OPINION:
This has been a rotten week for big spending, liberals and President Obama and a great week for conservatives in the war to reduce the size and cost of government.
Senate Democrats were having a hard time rounding up support for a muscular alternative to the House Republicans’ $61 billion, midyear budget-cutting plan. The Democrats’ alternative - essentially keeping spending where it is and running up a $1.6 trillion deficit - has become the laughingstock of the nation.
National Public Radio - the liberals’ holy grail of big-government propaganda - has been hit by a series of embarrassing scandals that have strengthened the case for ending taxpayer-funding of public broadcasting entirely.
NPR’s chief executive resigned under pressure after its chief fundraiser attacked Republicans as “anti-intellectual,” called Tea Party activists “racists” and suggested that Jews control the nation’s newspapers. He gave conservative budget-cutters even more ammunition to use in their crusade to end public broadcasting when he acknowledged that NPR could do just fine without government subsidies.
And White House advisers are now saying that Mr. Obama - who seems unable to make a decision on how to deal with the crisis in Libya - is willing to let other world leaders come up with a solution to the conflict.
That decision not only “opens him to criticism that he is a weak leader,” The Washington Post said Thursday in a front-page article, but it adds to growing criticism from conservatives and Democrats alike that he prefers to sit on the sidelines in major battles - above the fray - rather than get down in the arena and fight for his policies.
Conservatives have won a major victory in Wisconsin in what has become a nationwide battle to slash state government spending by significantly curtailing collective-bargaining for public employees that has sent pension and other benefit costs through the roof.
Wisconsin Gov. Scott Walker, a Republican who has emerged as the national leader of this movement, pushed his plan through the state Senate late Wednesday night, using a legislative maneuver to pass the measure without the 14 Democratic lawmakers who fled the state in a failed attempt to prevent the vote. It is expected to pass the Republican-controlled state Assembly easily.
Labor unions, with the support of the White House, have waged a three-week battle in a widening war to block major spending cuts, layoffs and curbs to union bargaining powers in states that are facing unprecedented budget shortfalls.
Mr. Walker’s preliminary victory not only has given conservatives bragging rights that they are slowly winning the war against big spenders and bigger government, but it will embolden governors in other states - Indiana, Ohio, New Jersey and even New York - to press ahead forcefully with their own sweeping spending reforms.

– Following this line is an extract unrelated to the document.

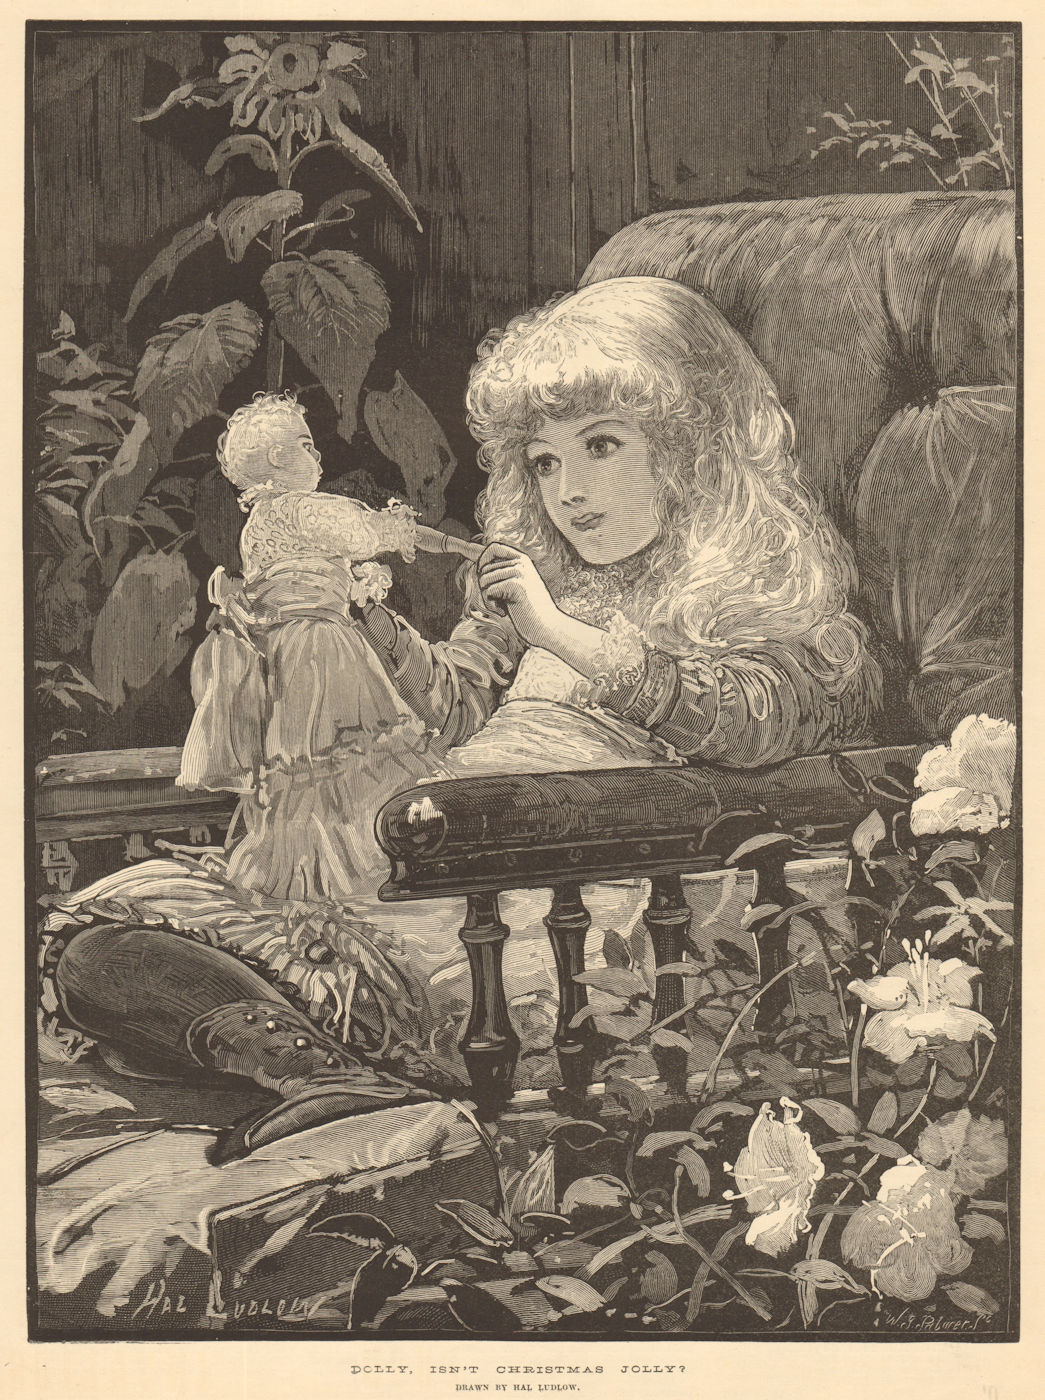 Associate Product "Dolly, isn't Christmas jolly?", drawn by Hal Ludlow 1883 ILN full page print

Meantime, back in Washington, Republican leaders are facing a Democrat-controlled Senate that is resisting any efforts to cut seriously this year’s spending. Senate Democrats rejected the House’s plan but were unable to muster the 60 votes needed to take up their own minuscule plan to nick just $10 billion in spending in the remaining six months of this fiscal year.
Notably, in key votes, Senate Majority Leader Harry Reid, Nevada Democrat, is losing a big chunk of his own members who said the $10 billion spending cut was a joke. In Wednesday’s cloture vote on Mr. Reid’s budget bill, 11 Democrats joined all 47 Republicans in opposing it.
Many of the delinquent Democrats who voted no are facing tough races next year, and Mr. Reid’s days as majority leader are numbered.
Why? Because the math favors the Republicans: 23 Democrat-held seats will be at stake in 2012 versus just 10 safe Republican seats. Five Democrats are retiring, and several of the new open seats have improved the GOP’s chances of taking control of the Senate. They need a gain of just three.
A few weeks ago, Mr. Obama was bragging about the jobs numbers, the stock market and the economy, which he said was back on track.
But now many economists are saying that it will be years before the high unemployment rate returns to normal. Oil prices have shot above $100 a barrel, forcing gasoline prices to near $4 a gallon. That could sandbag the recovery and force new layoffs. The stock market is tanking on fears of sky-high energy costs, uncontrolled spending and unprecedented federal debt that are shrinking retirement accounts. Forecasters say we very well could be facing another million home foreclosures this year.
Americans are justifiably worried about all this, especially the specter of runaway government spending that burdens taxpayers and weakens our economy. A new analysis of Mr. Obama’s budget plan by Brian Riedl at the Heritage Foundation says it will “raise taxes by $1.6 trillion over the next decade and borrow 43 cents for each dollar spent in 2011.”
This is why the Republicans’ budget-cutting movement if gaining strength and winning the early rounds. Are all those cooking shows, old movies and left-wing programming on NPR and public television really worth adding to a $1.6 trillion deficit?
Donald Lambro is a syndicated columnist and former chief political correspondent for The Washington Times.